The MDP that was used in this work has 2**7 states, plus two extra states – one indicates X winning and other indicats O winning. The other states indicate combinations of seven boolean parameters (bits).
The next issue was to decide what are the parameters that will give the best information about the model. To determine which parameters will define state in the MDP was actually the heart of the whole problem and it is obvious that this is the program’s ‘wisdom’. Many parameters were tried by using them with one of the players and not with the other, and soon it was clear enough that no ‘local’ parameter, indicating specific sequence or trap in the board, would give enough information. The final parameters, as will be described soon, make sense in a manner that they define three global situations: certain win, win if got the turn, and potential of winning.
Here are the parameters that were used in the final version of the program :
The first parameter indicates whose turn it is – the X’s or the O’s.
The second and third bits indicate whether the players have a ‘mate’ sequence or not. Mate is the “_SSS_” sequence where ‘S’ is the player symbol and ‘_’ is a feasible slot, meaning that a player, having a mate sequence, will win the game when the turn will be his, because the other player will not be able to prevent this sequence from being a winning sequence in one play.
The fourth and fifth bits indicate whether the players have a ‘chess’ sequence or not. Chess is a sequence of size of four slots, three of them are occupied by the player symbol, and the fourth is an empty feasible slot. The possible chess sequences are either vertical, three player’s symbols one on top of the other and an empty slot above, or ‘_SSS’, ‘S_SS’, ‘SS_S’, ‘SSS_’ sequences. A player, having a chess sequence will win the game if the turn is his.

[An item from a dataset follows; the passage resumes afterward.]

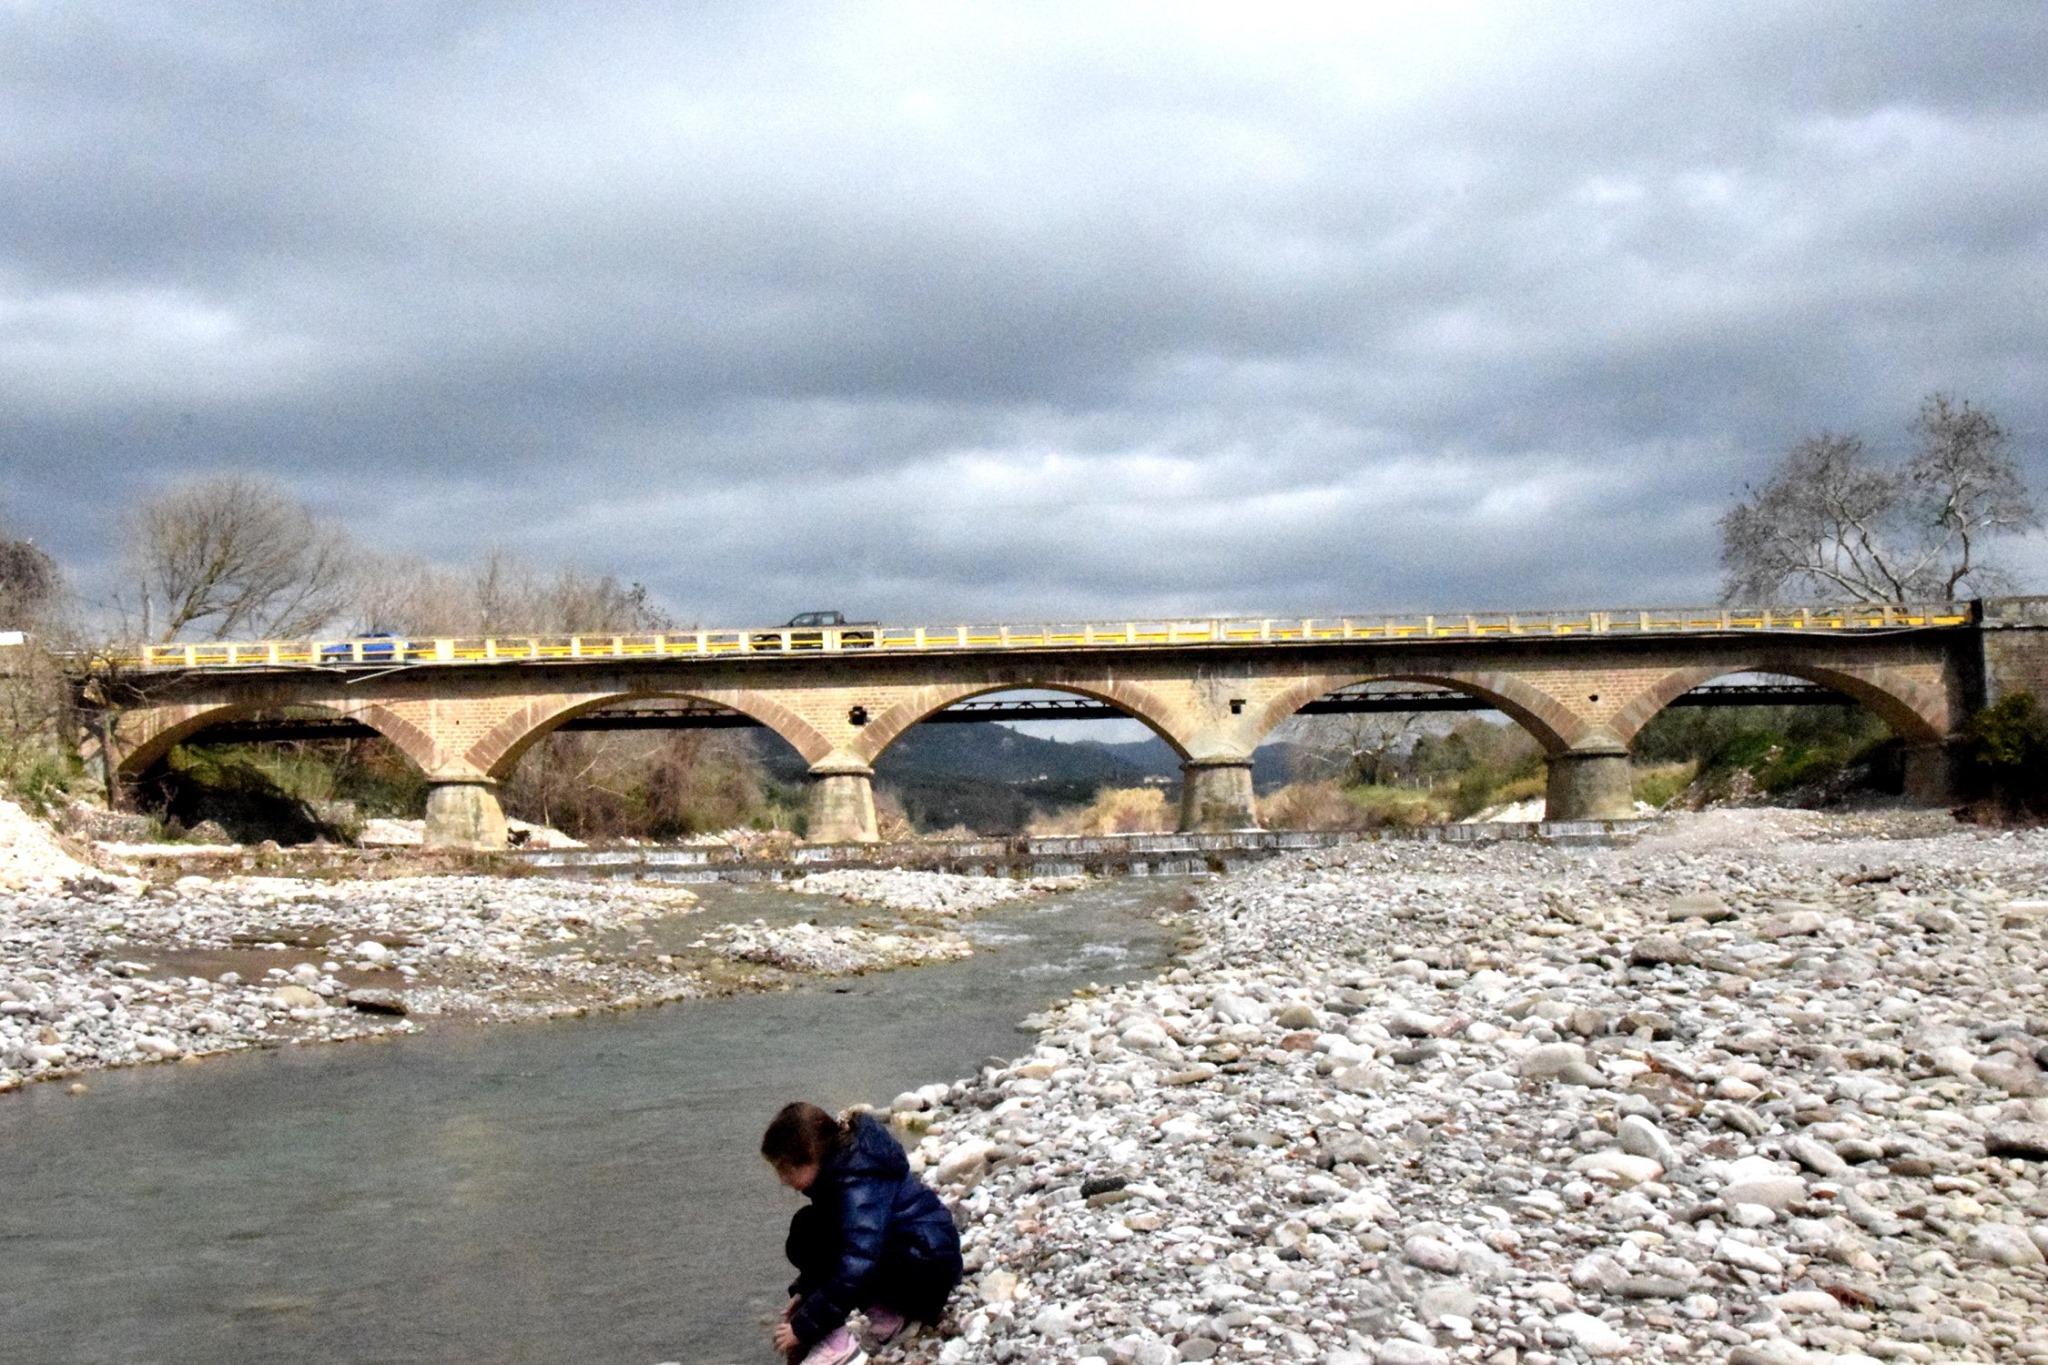 Μια πρόταση για τη γέφυρα της Αβώρανης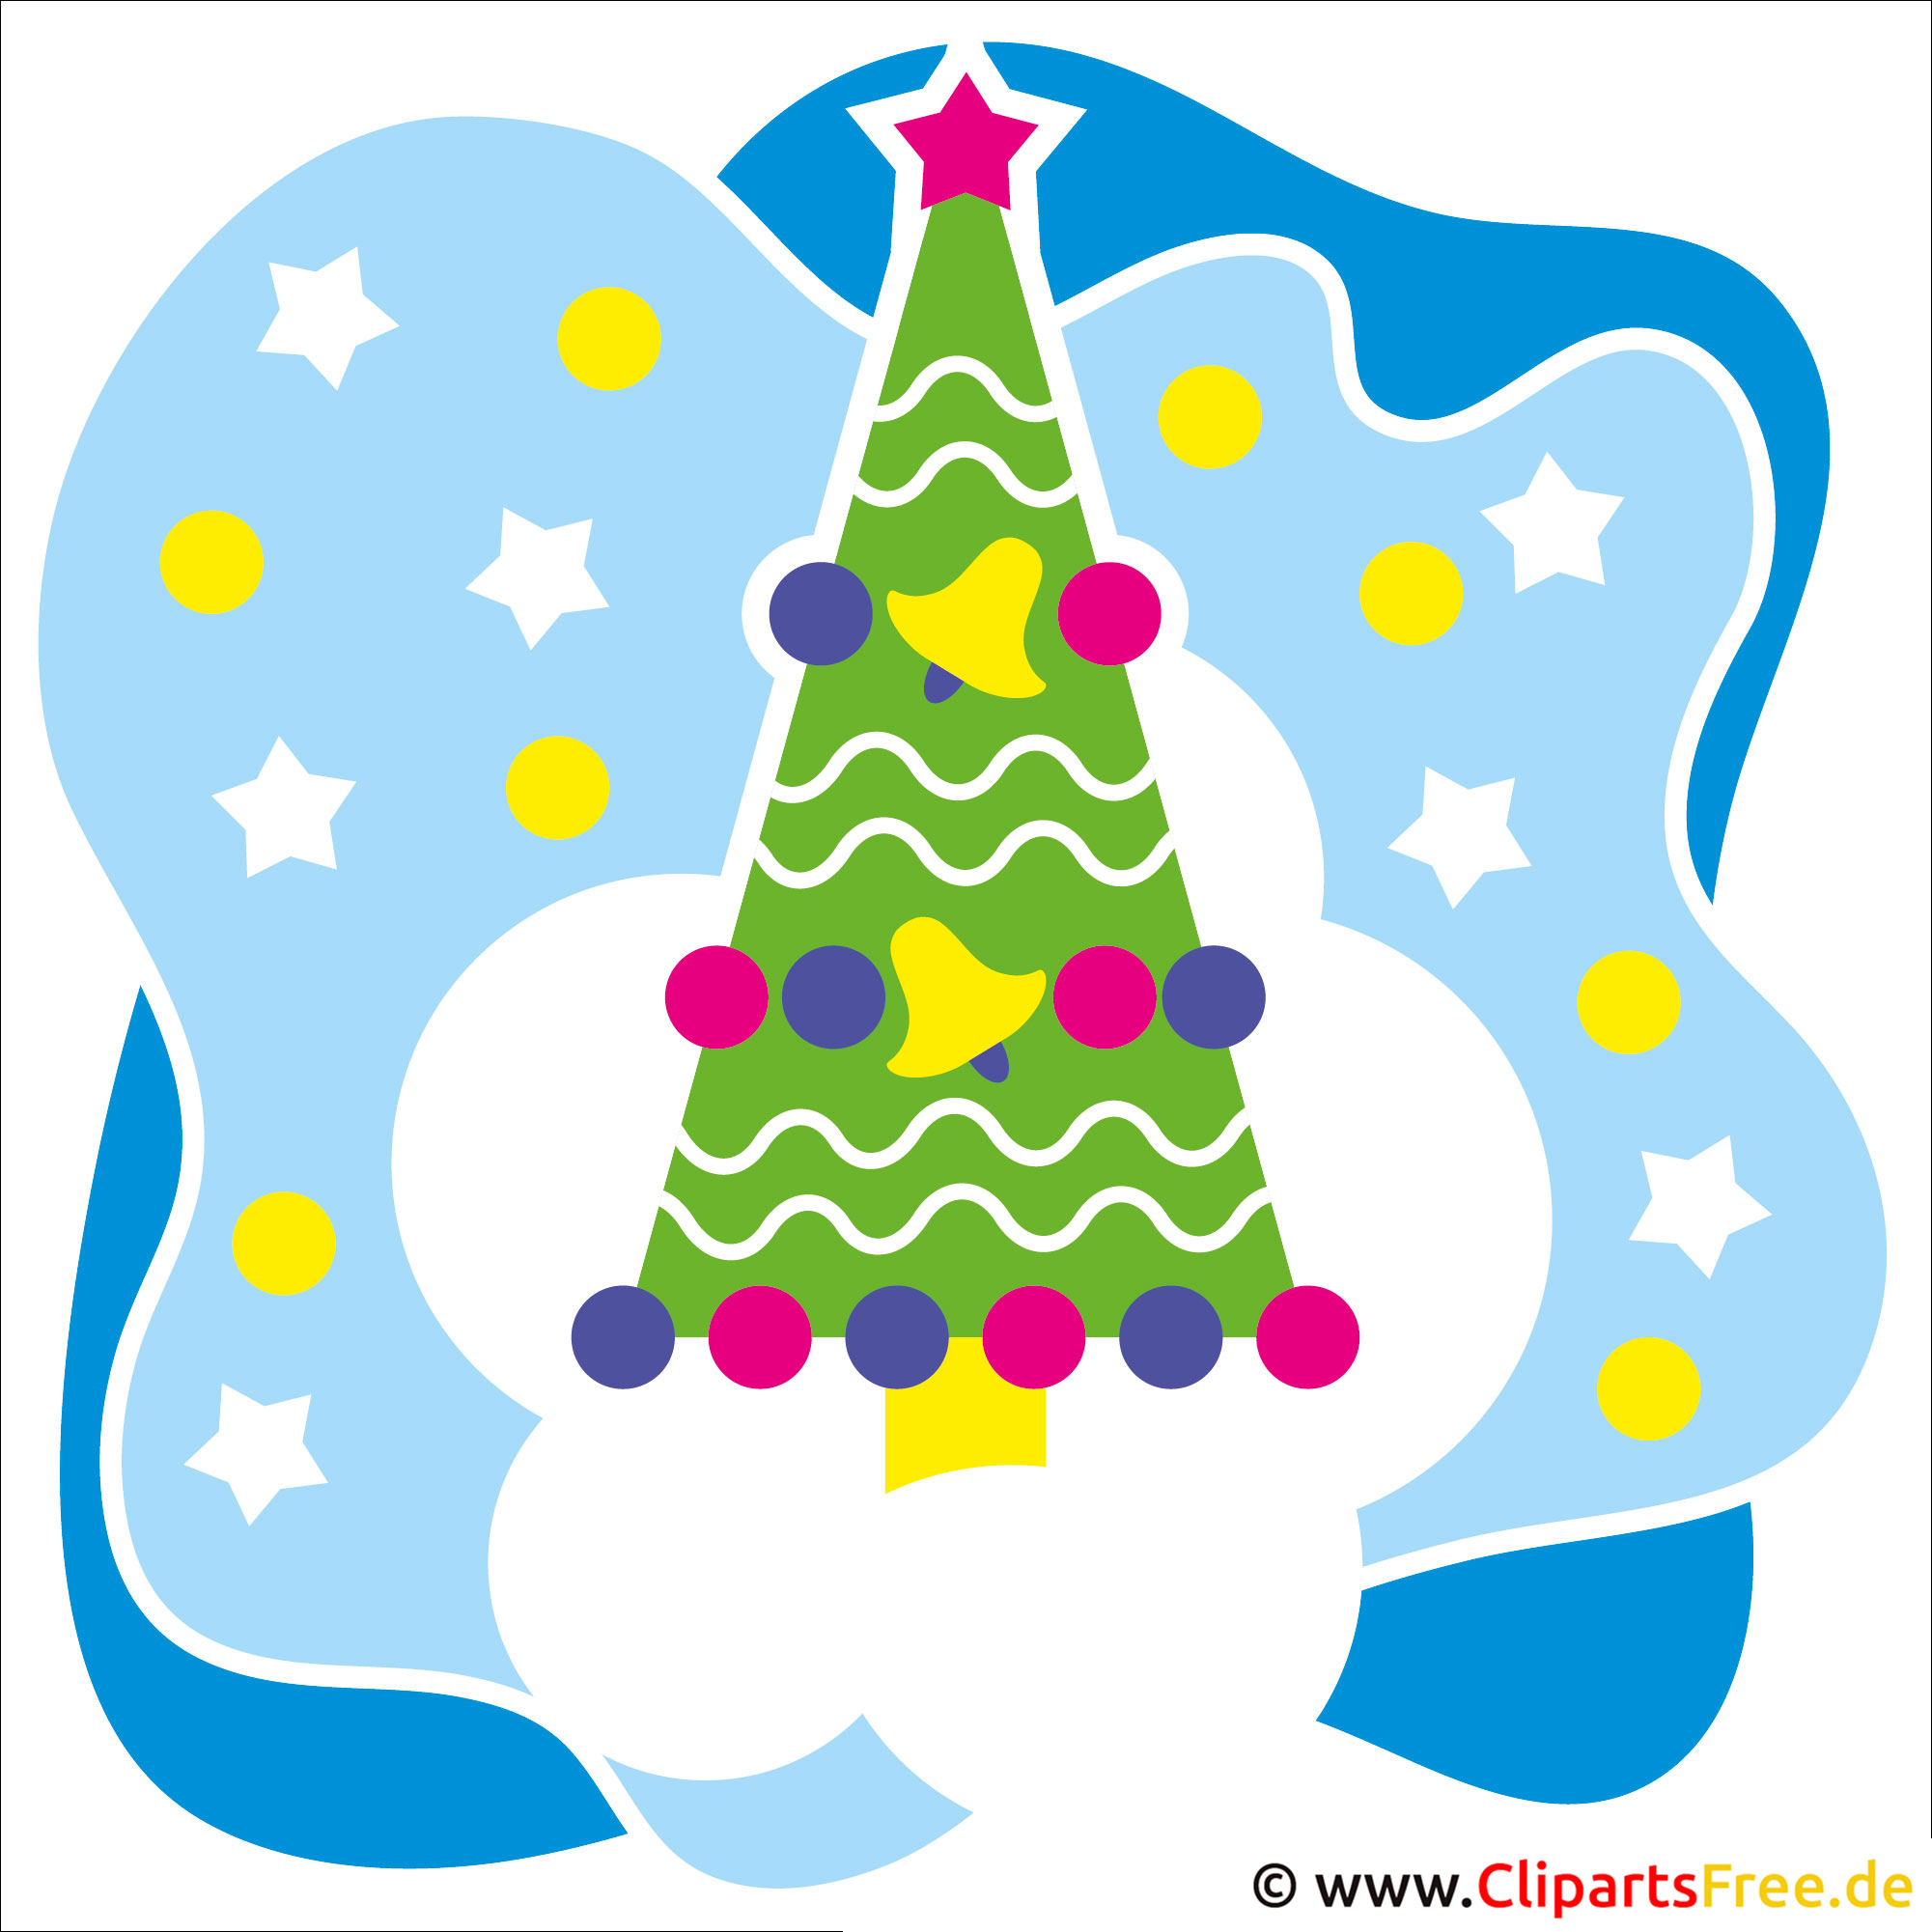 Clipart Frohe Weihnachten kostenlos

The seventh and eighth bits indicate whether the players have a ‘potential chess’ sequence or not, where potential chess is a chess sequence with a not feasible slot instead of feasible one. A player can not win from this sequence, but this sequence could become a chess sequence.
One can learn from the above definitions that many of the bits combinations are not possible because if the X player has a mate sequence, for example, it is obvious that he has a chess, and a potential chess sequence as well. So, the real number of states in the MDP (the possible combinations of bits) is less than 60.
The SARSA algorithm, implementd on the above MDP, attaches values for each one of the possible states of the MDP, excepting the two extra states which have fixed value of 1 for the winning state and –1 for the losing state. The algorithm, when performing a game run, gives a new value for each state in which the game passes through except the winning/losing states. The new values are weighted average of (1-α) of the current value and α of the next state value,
Where α = 1/(run_number/(total_number_of_runs/10)+1),
That is to say α goes from 1 to 0, decreasing every 10 runs.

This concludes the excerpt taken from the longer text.